Since when are we to base our lives as believers on how we feel about something? Since when is something to be accepted or rejected based on how “comfortable” we are about it? This has absolutely nothing to do with biblical Christianity. It is always better to be hurt with the truth than to be comforted with a lie.
Yet so many Christians today do not operate this way. They are running on an emotional autopilot. Whatever gives them happy feelings they run with, and whatever gives them icky feelings they eschew. No wonder the church is in such a mess today.
And we find examples of this all around us. For example, on many occasions Christians have spoken with me about the biblical doctrine of hell. They ask me what my feelings are about it. I first remind them that my feelings have absolutely nothing to do with the matter.
What does matter is what God has spoken about this issue. And given that he has spoken much about this throughout the Bible, we all better stand up and take notice. And even more importantly, given that Jesus spoke more about the realities and terrors of hell than anyone else in the entire Bible, then we really better take heed to this.
Here we have all these Christians who claim to be followers of Christ, yet on one of the themes he spoke about the most often, these Christians have decided that they will not agree with Jesus, simply because they are not comfortable with the teaching.
Their emote-o-meter is running off the charts, and therefore they have effectively decided to put their own feelings ahead of the clear teachings of Jesus. They sin doubly here: they trust in their own fallible feelings instead of the infallible Word of God, and they shake their fists at Jesus Christ, the one they claim to be a disciple of.
Yet they still somehow think they are great Christians! Go figure. I guess they are “comfortable” with that. It gives them a warm, spongy feeling inside, so it must be right. How can their feelings lead them astray? How can their emotions ever be wrong?
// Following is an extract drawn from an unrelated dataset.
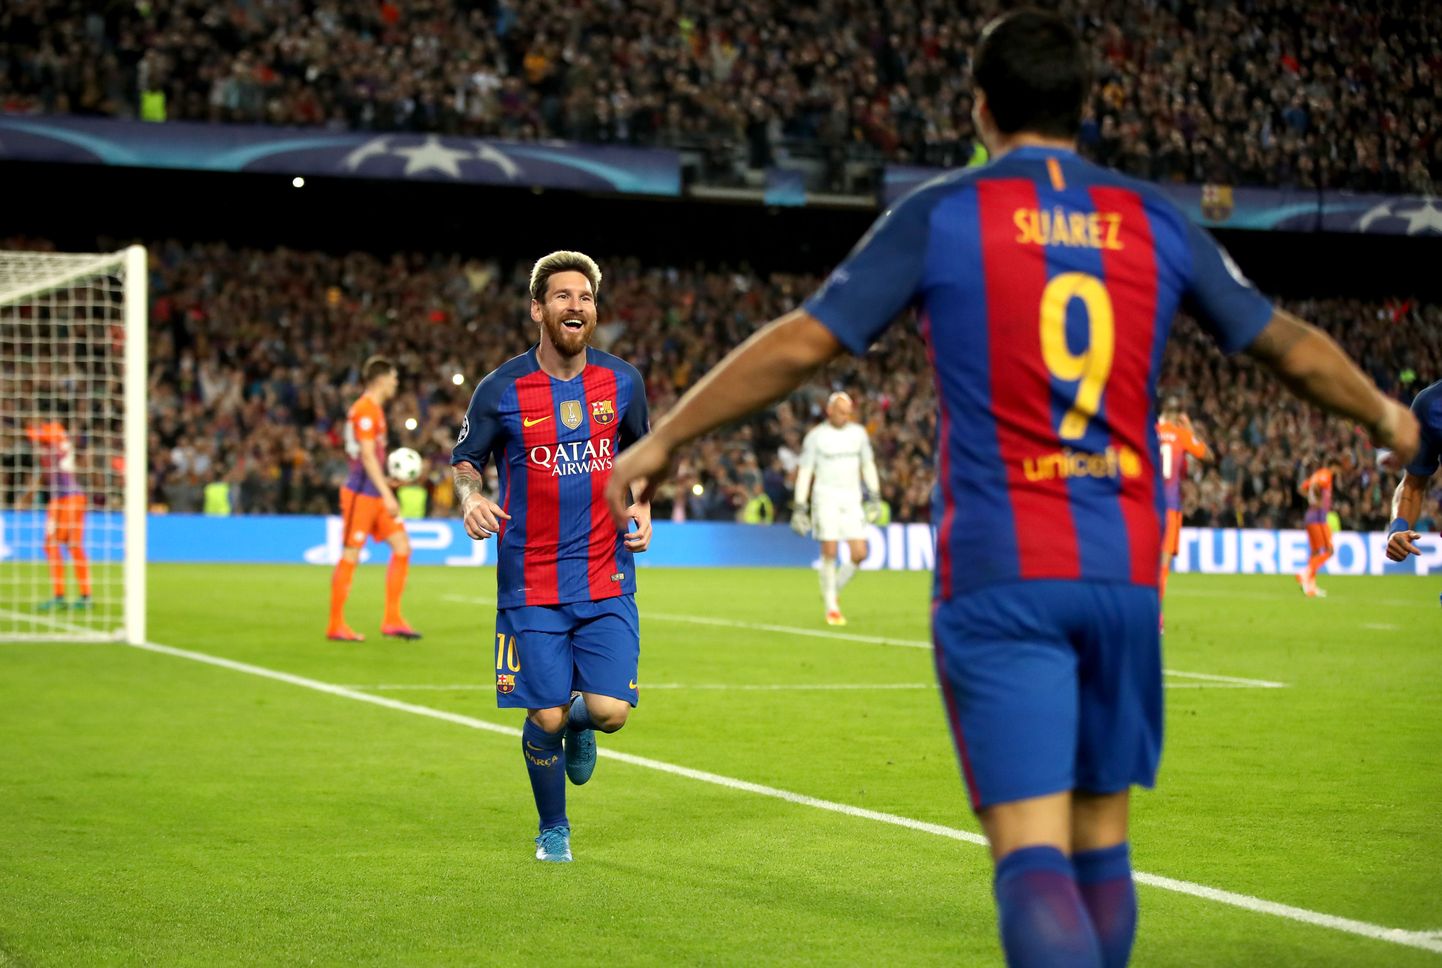 Barcelona ründekolmiku liige Lionel Messi lõi Cityle kolm väravat, millest ühe puhul andis hea söödu kolmiku teine liige Luis Suarez. Ründetrio kolmas mees Neymar oli samuti resultatiivne ja sai kirja ühe tabamuse.

And it is not just clearly defined doctrinal issues they assess with their mere feelings. Matters of biblical morality are also decided in this fashion. What is right and wrong is determined entirely by how they feel about things at a given moment. The homosexual issue is a clear case in point.
Forget all the explicit teachings in Scripture about human sexuality in general, and the sin of homosexuality in particular. They have decided – based only on how they feel about all this – that sodomy is peachy, gender is fluid, marriage and family can be anything you want, and sexual sin really does not exist.
All that based simply on one’s emotions. I have chatted with so many of these people. They are “comfortable” with homosexuals and homosexuality. They have no problem with these things because of their lousy emote-o-meter. Instead of testing everything by the inerrant Word of God, they simply feel their way through life.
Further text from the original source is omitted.